Obat akan diserap dalam bentuk molekul utuh. Dalam keadaan basa,
molekul obat mengalami disosiasi. Hal inilah yang membuat kesetimbangan
reaksi akan bergeser ke arah produk ionisasi sehingga kualitas absorbsi menjadi
rendah. Sedangkan pada keadaan asam, kesetimbangan reaksi akan bergeser ke
arah bahan atau molekul utuh sehingga kualitas absorbsi yang dihasilkan menjadi
tinggi (Tjay et al. 2007). Namun, dari data yang didapatkan melalui praktikum
meyimpang dari literatur yang ada.
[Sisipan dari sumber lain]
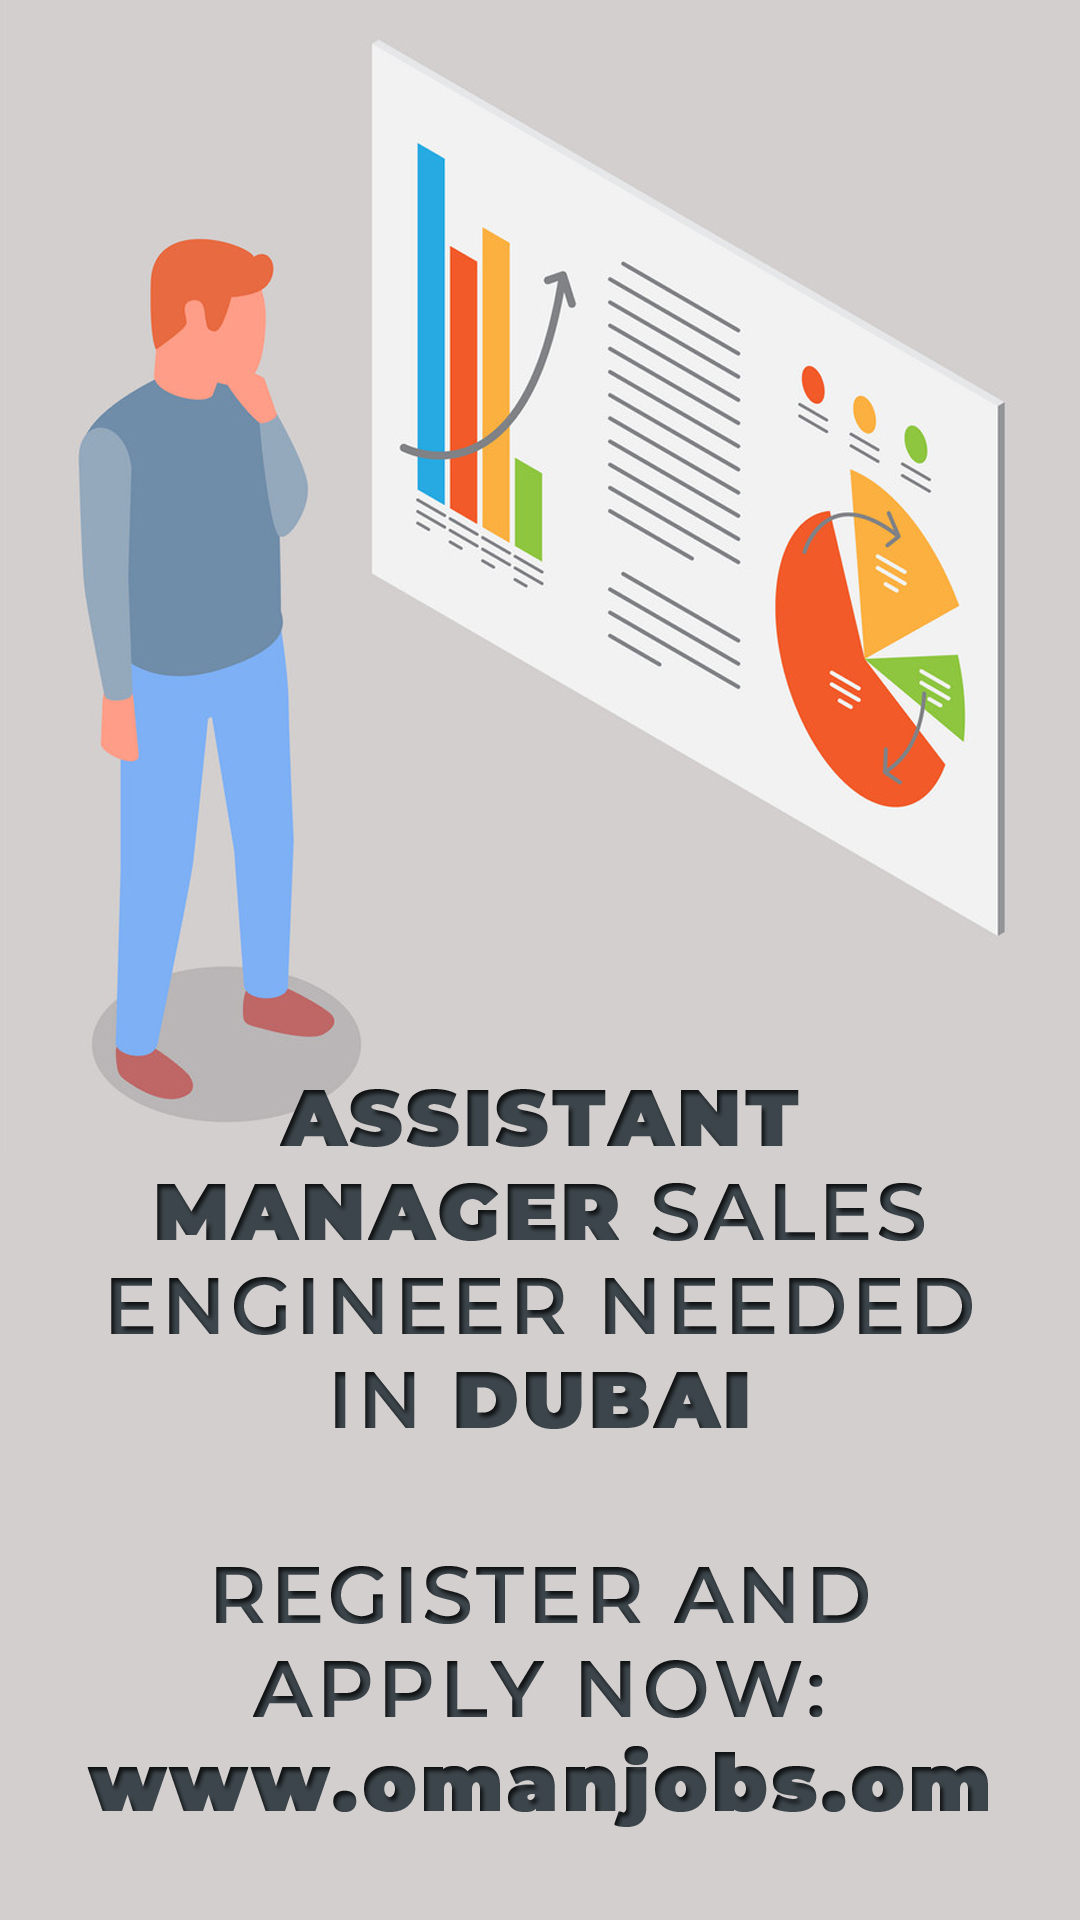 Hiring ASSISTANT MANAGER SALES ENGINEER

Hal ini dimungkinkan karena adanya
kesalahan praktikan saat mengoleksi isi lambung dan melakukan tritrasi pada
filtrat yang didapatkan sehingga mendapatkan hasil yang berkebalikan dengan
landasan teori yang ada.

KESIMPULAN DAN SARAN


Kesimpulan
Berdasarkan hasil yang didapat dalam praktikum ini dapat disimpulkan
bahwa terdapat beberapa faktor yang dapat memengaruhi kecepatan dan
presentasi absorbsi suatu obat, salah satunya adalah lingkungan absorbsi obat
tersebut. Dalam suasana asam, kemampuan molekul obat dalam diabsorbsi
meningkat sedangkan dalam keadaan basa justru menurunkan tingkat penyerapan

obat tersebut dalam jaringan. Hal tersebut mengakibatkan terjadinya perbedaan


kecepatan distribusi obat menuju organ targetnya.
Saran
Penggunaan hewan coba perlu ditambah untuk mendukung praktikum
mahasiswa. Waktu dalam praktikum perlu ditambah agar mahasiswa lebih
mendalami materi. Praktikan juga harus lebih teliti lagi apabila mengambil sampel
yang dibutuhkan.

DAFTAR PUSTAKA
[BPOM] Badan Pengawas Obat dan Makanan. 2011. Asam salisilat. Jakarta (ID):
SiKer Nas.
Goodman, Gilman. 2007. Dasar Farmakologi Terapi Edisi ke-10. Penerjemah:
Amalia. Jakarta (ID): EGC.
Kautsar A. 2009.peran capsaicin pada proses penyembuhan ulkus lambung tikus
yang diberi paparan piroksikam [skripsi]. Depok (ID): Universitas
Indonesia.
Lazuardi M. 2010. Biofarmasetik dan Farmakokinetik Klinik Medis Veteriner.
Jakarta (ID): Penerbit Ghalia Indonesia.
Pike D. 1997. OSH. Nashville (US): MDL Information System, Inc.
Pradyot P. 2002. Handbook of Inorganic Chemicals. Philadelphia (US): McGrawHill.
Sittig M. 1991. Handbook of Toxic and Hazardous Chemical and Carcinogens. Ed
ke-3. New Jersey (US): Noyes Publications.
Tjay TH, Rahardja K. 2007. Obat-Obat Penting. Jakarta (ID): PT Gramedia.

BERITA ACARA
1. Pada hari praktikum (Kamis, 18 September 2014), seluruh anggota
kelompok hadir.
2. Seluruh praktikan berbagi tugas dalam pengerjaan, ada yang melakukan,
persiapan alat, pengambilan obat, dan melihat hasil.